**WHAT TO PRODUCE**
Reproduce every line of the material below exactly. No pictures belong in the copy.

**COLLECTED DATA**
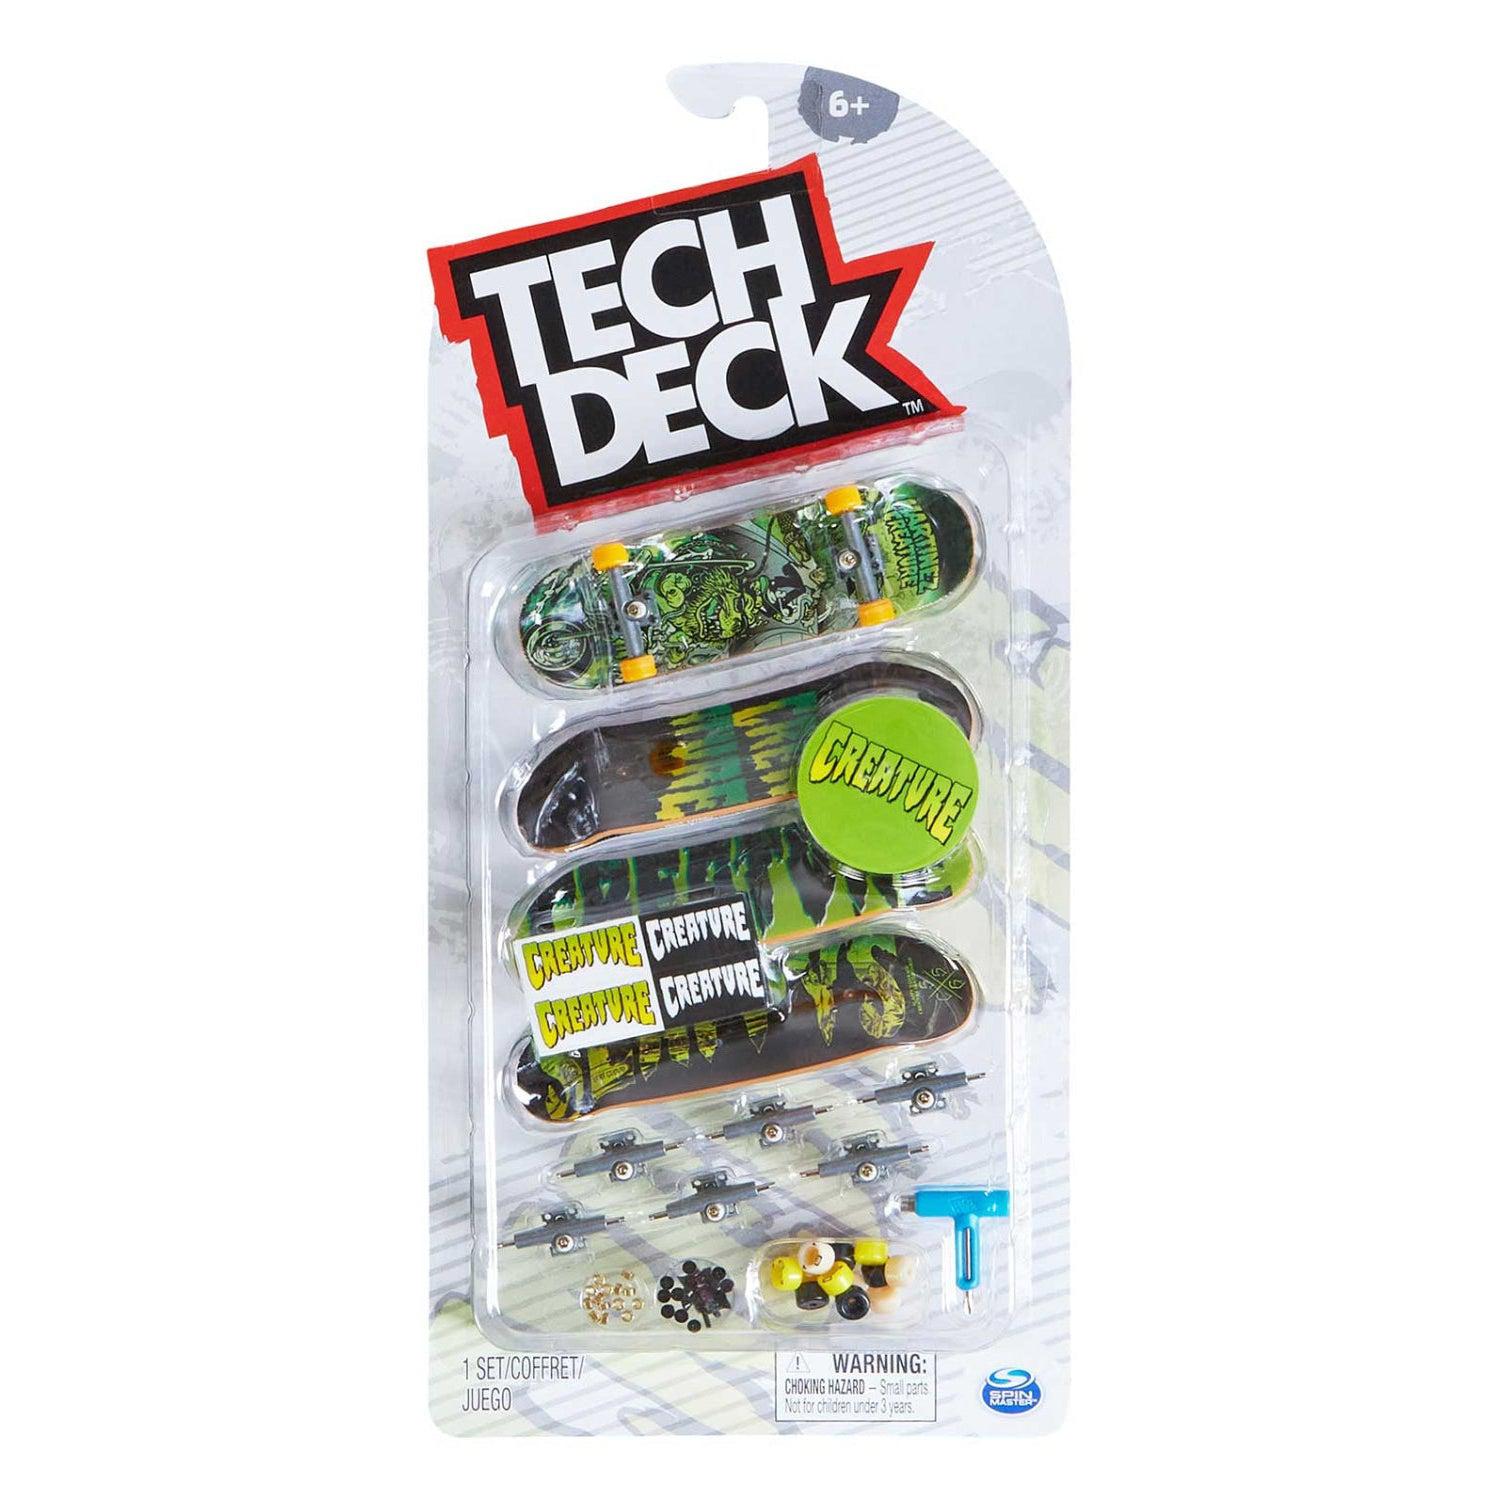 Pack Versus 2 Finger Skate Tech Deck
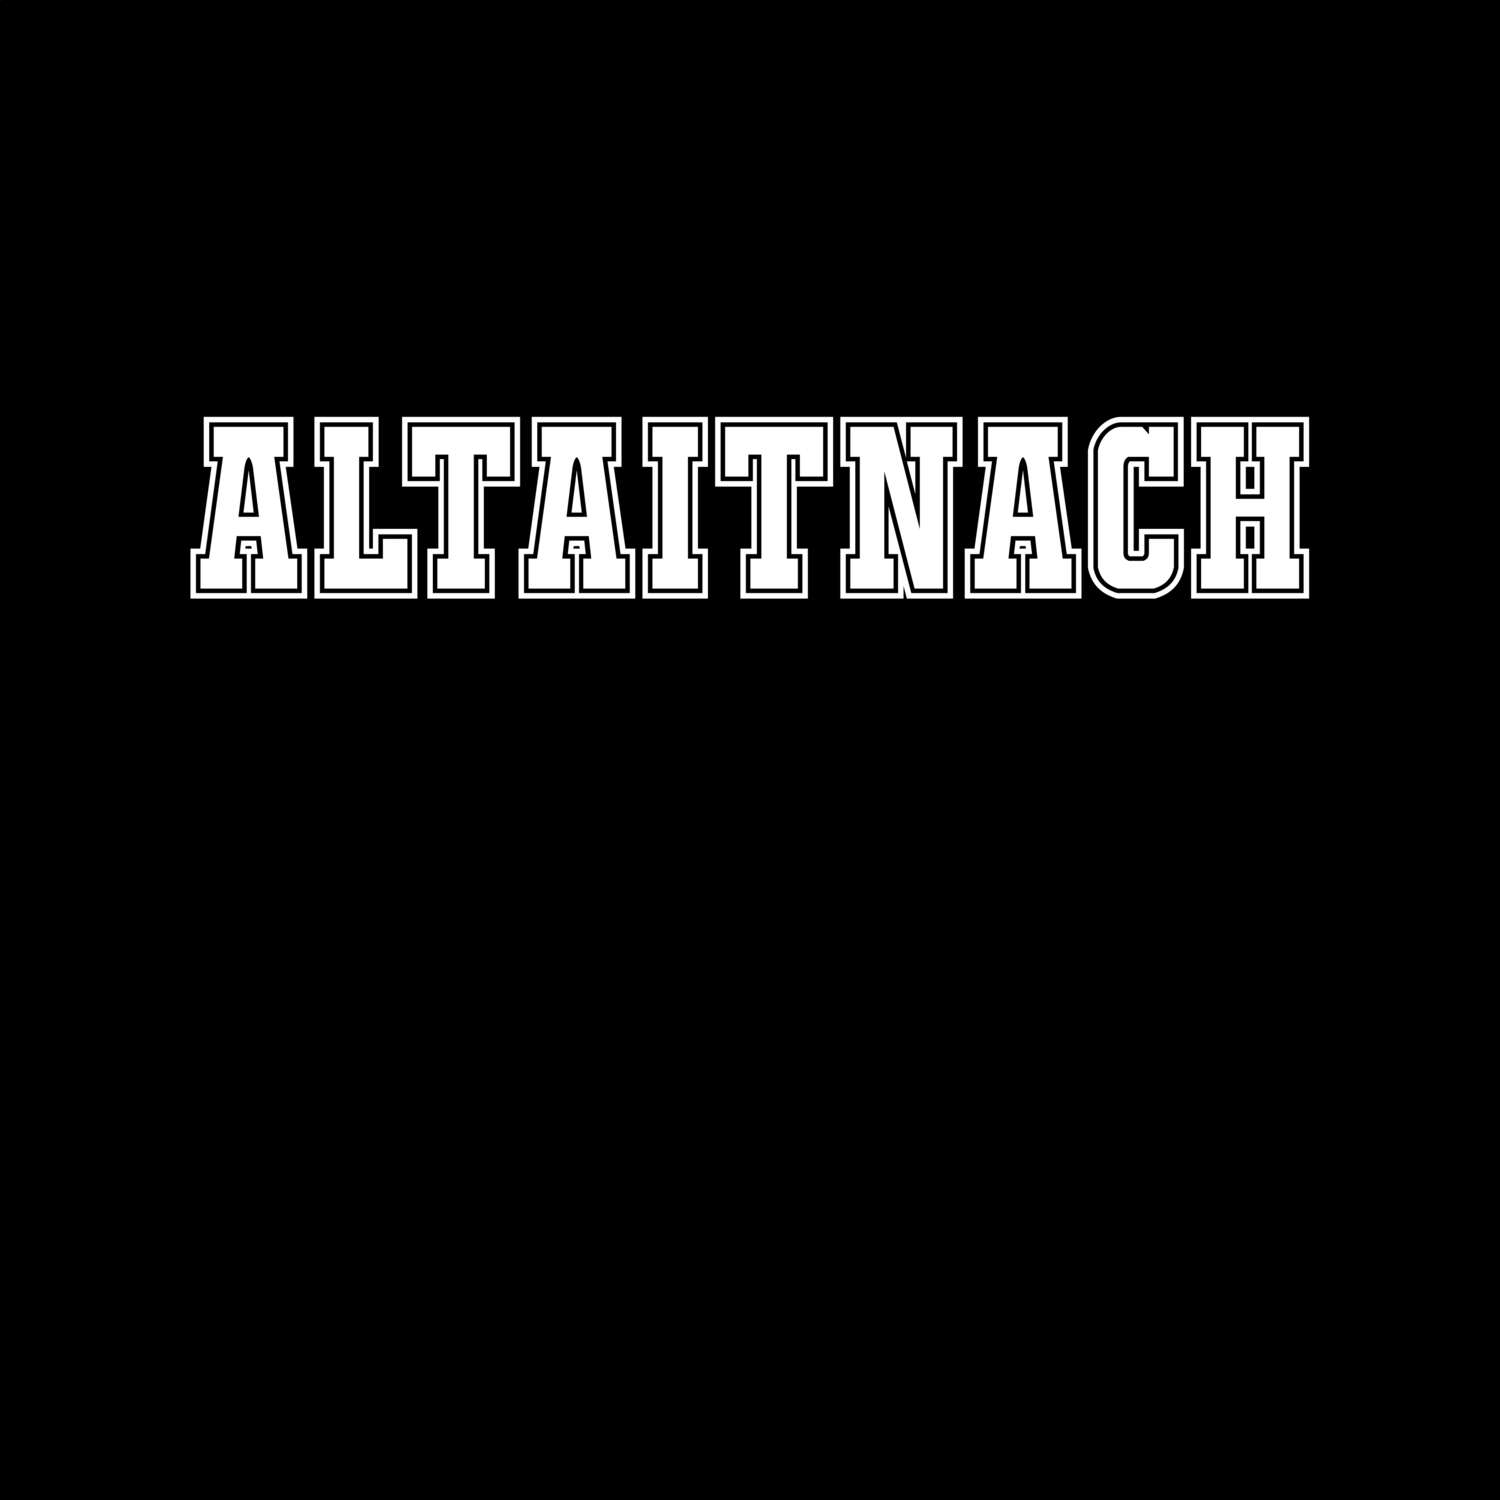 Altaitnach T-Shirt »Classic«
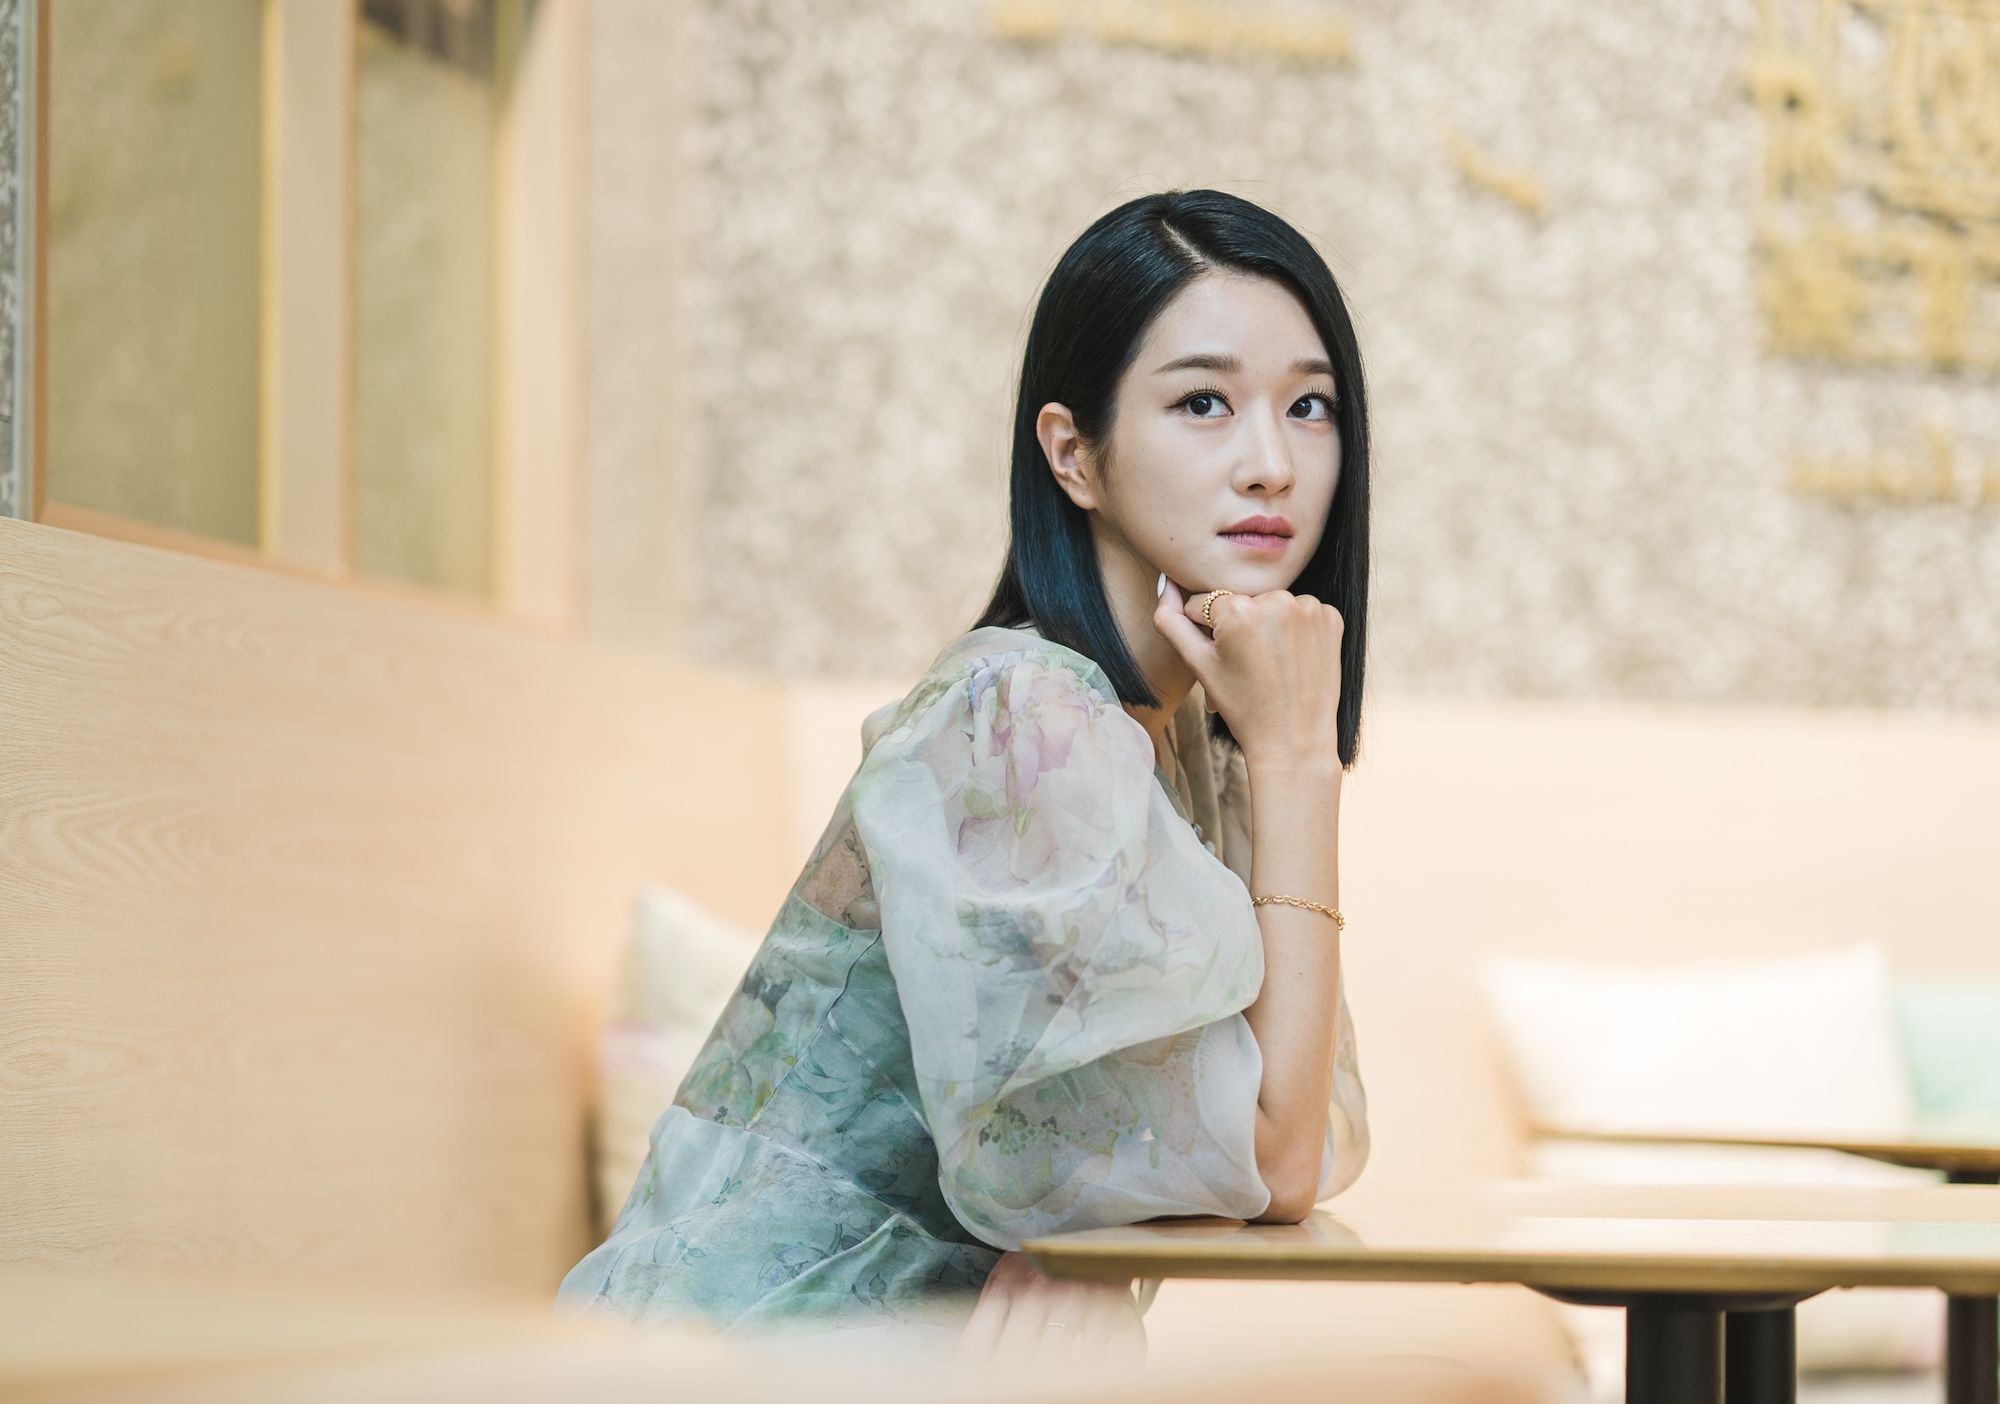 Recreate Seo Ye Jis Top Fashion Moments From K Drama “its Okay To Not Be Okay” Thehomeground 0986

**ANSWER SPACE**
 Pack Versus 2 Finger Skate Tech Deck
 Altaitnach T-Shirt »Classic«
 Recreate Seo Ye Jis Top Fashion Moments From K Drama “its Okay To Not Be Okay” Thehomeground 0986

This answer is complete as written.